This Act may be cited as the ``CDFI Bond Guarantee Program
Improvement Act of 2022''.
SEC. 2. SENSE OF CONGRESS.
It is the sense of Congress that the authority to guarantee bonds
under section 114A of the Community Development Banking and Financial
Institutions Act of 1994 (12 U.S.C. 4713a) (commonly referred to as the
``CDFI Bond Guarantee Program'') provides community development
financial institutions with a sustainable source of long-term capital
and furthers the mission of the Community Development Financial
Institutions Fund (established under section 104(a) of such Act (12
U.S.C. 4703(a)) to increase economic opportunity and promote community
development investments for underserved populations and distressed
communities in the United States.
SEC. 3. GUARANTEES FOR BONDS AND NOTES ISSUED FOR COMMUNITY OR ECONOMIC
DEVELOPMENT PURPOSES.
Section 114A of the Community Development Banking and Financial
Institutions Act of 1994 (12 U.S.C. 4713a) is amended--
(1) in subsection (c)(2), by striking ``, multiplied by an
amount equal to the outstanding principal balance of issued
notes or bonds'';
(2) in subsection (e)(2)(B), by striking ``$100,000,000'' and
inserting ``$25,000,000''; and
(3) in subsection (k), by striking ``September 30, 2014'' and
inserting ``the date that is 4 years after the date of
enactment of the CDFI Bond Guarantee Program Improvement Act of
2022''.
SEC. 4. REPORT ON THE CDFI BOND GUARANTEE PROGRAM.

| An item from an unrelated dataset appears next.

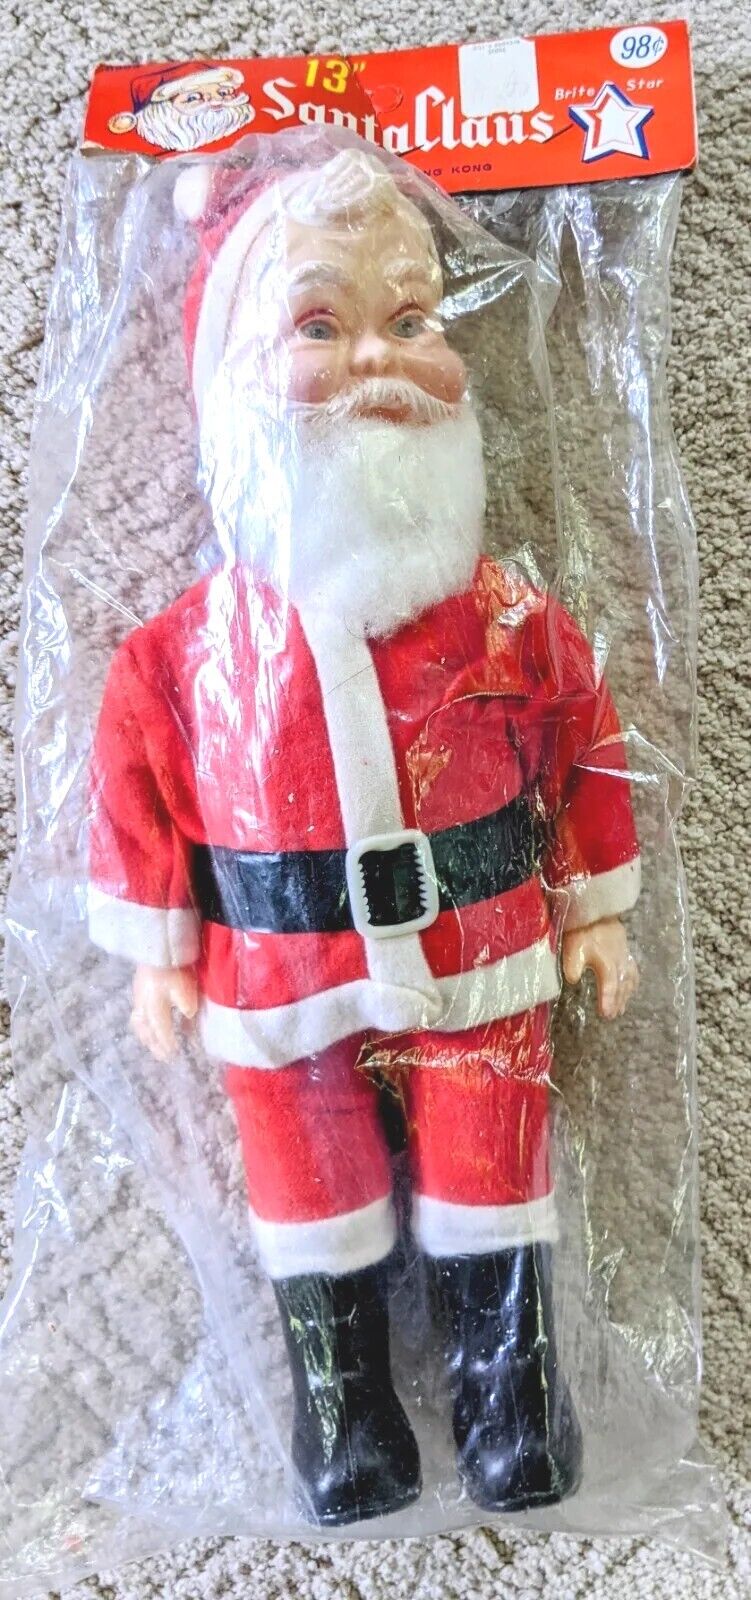 New NOS Vintage Hong Kong Christmas Santa Claus In Package Brite Star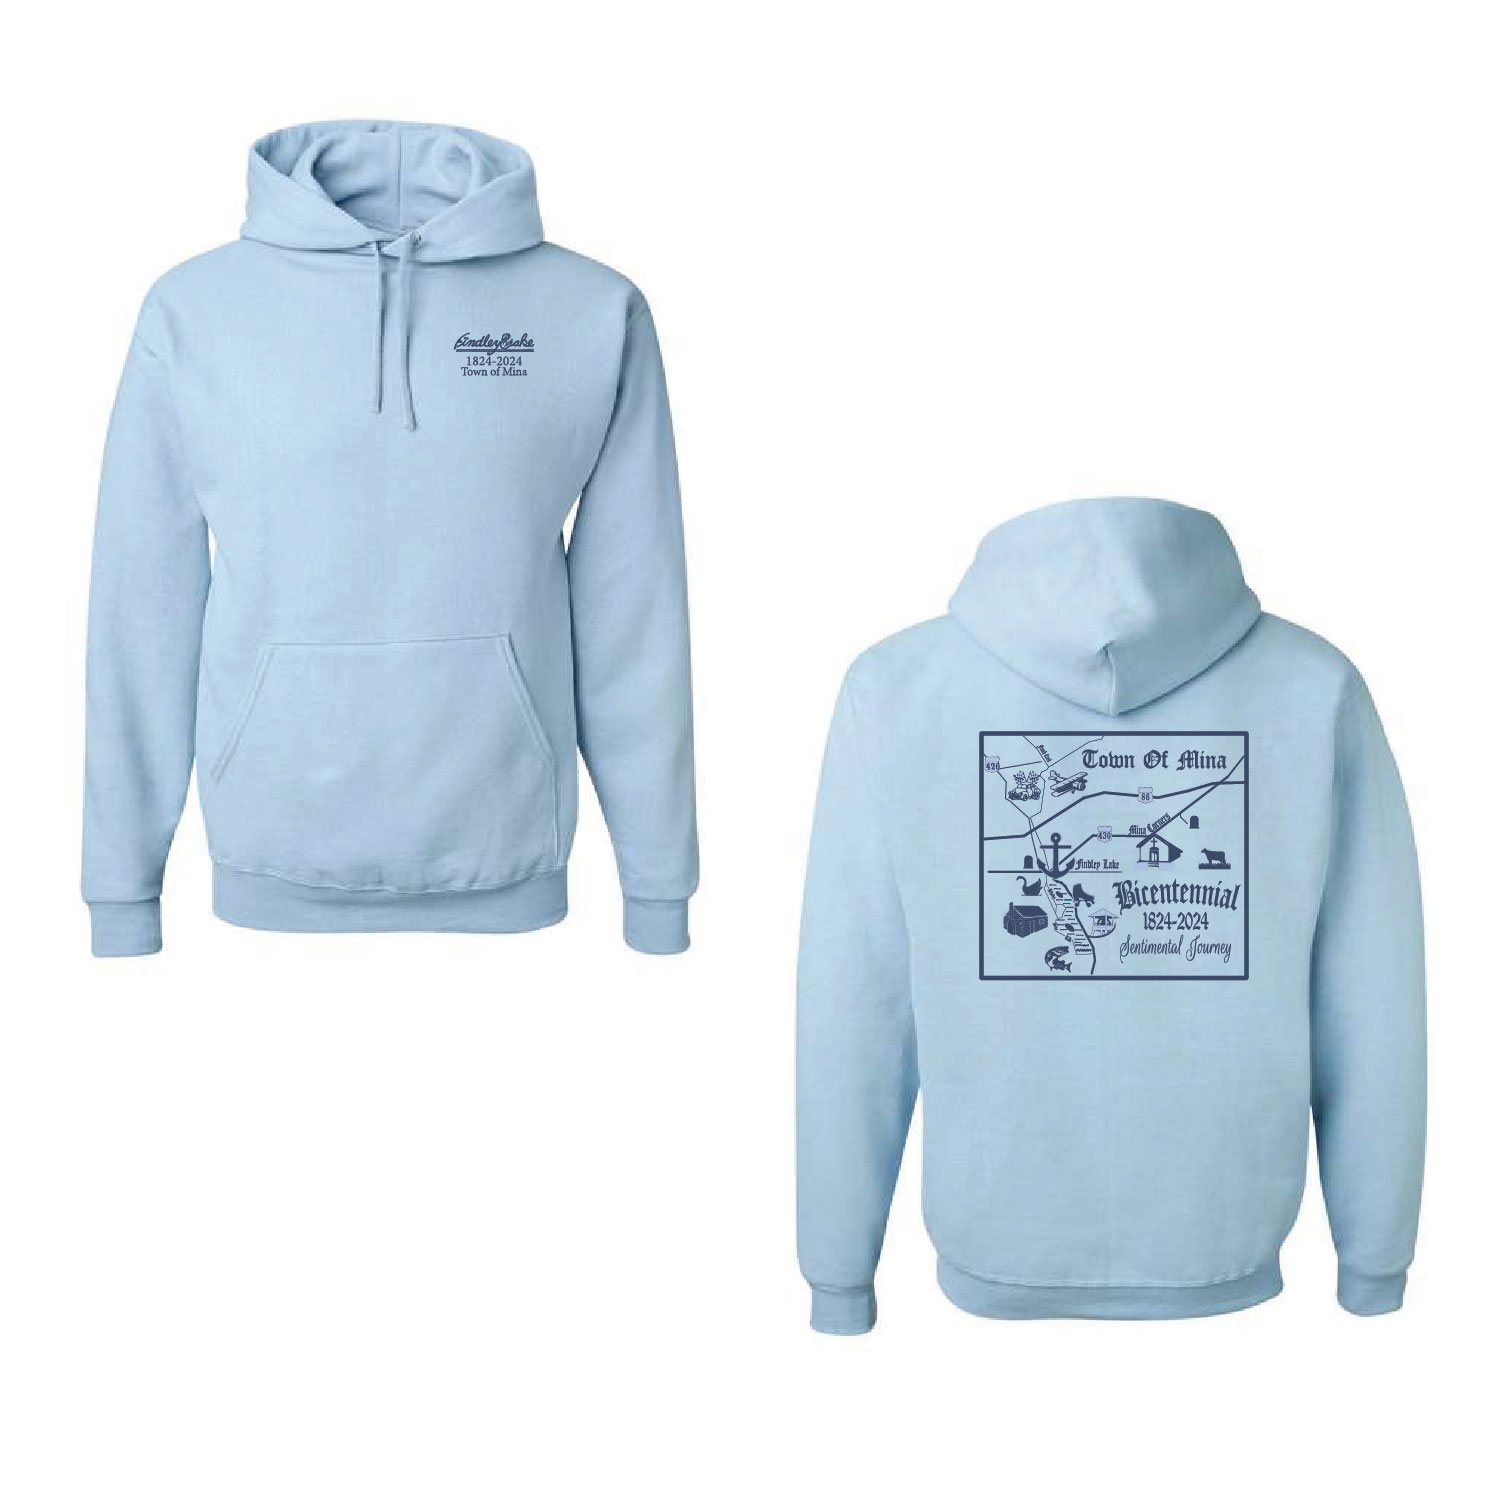 Town of Mina Bicentennial – Cotton Hooded Sweatshirt product image

Not later than 1 year after the date of enactment of this Act, and
not later than 3 years after such date of enactment, the Secretary of
the Treasury shall issue a report to the Committee on Financial
Services of the House of Representatives and the Committee on Banking,
Housing, and Urban Affairs of the Senate on the effectiveness of the
CDFI bond guarantee program established under section 114A of the
Community Development Banking and Financial Institutions Act of 1994
(12 U.S.C. 4713a).
Purpose and Summary
On May 12, 2022, Representative Cleaver introduced H.R.
7733, the ``CDFI Bond Guarantee Program Improvement Act of
2022,'' which would reduce the CDFI Bond Guarantee Program
(BGP) minimum issuance threshold from $100 million to $25
million and make the program permanent. It would also activate
a re-lending account, which allows any amounts remaining after
bonds are repaid for use to fund additional loans.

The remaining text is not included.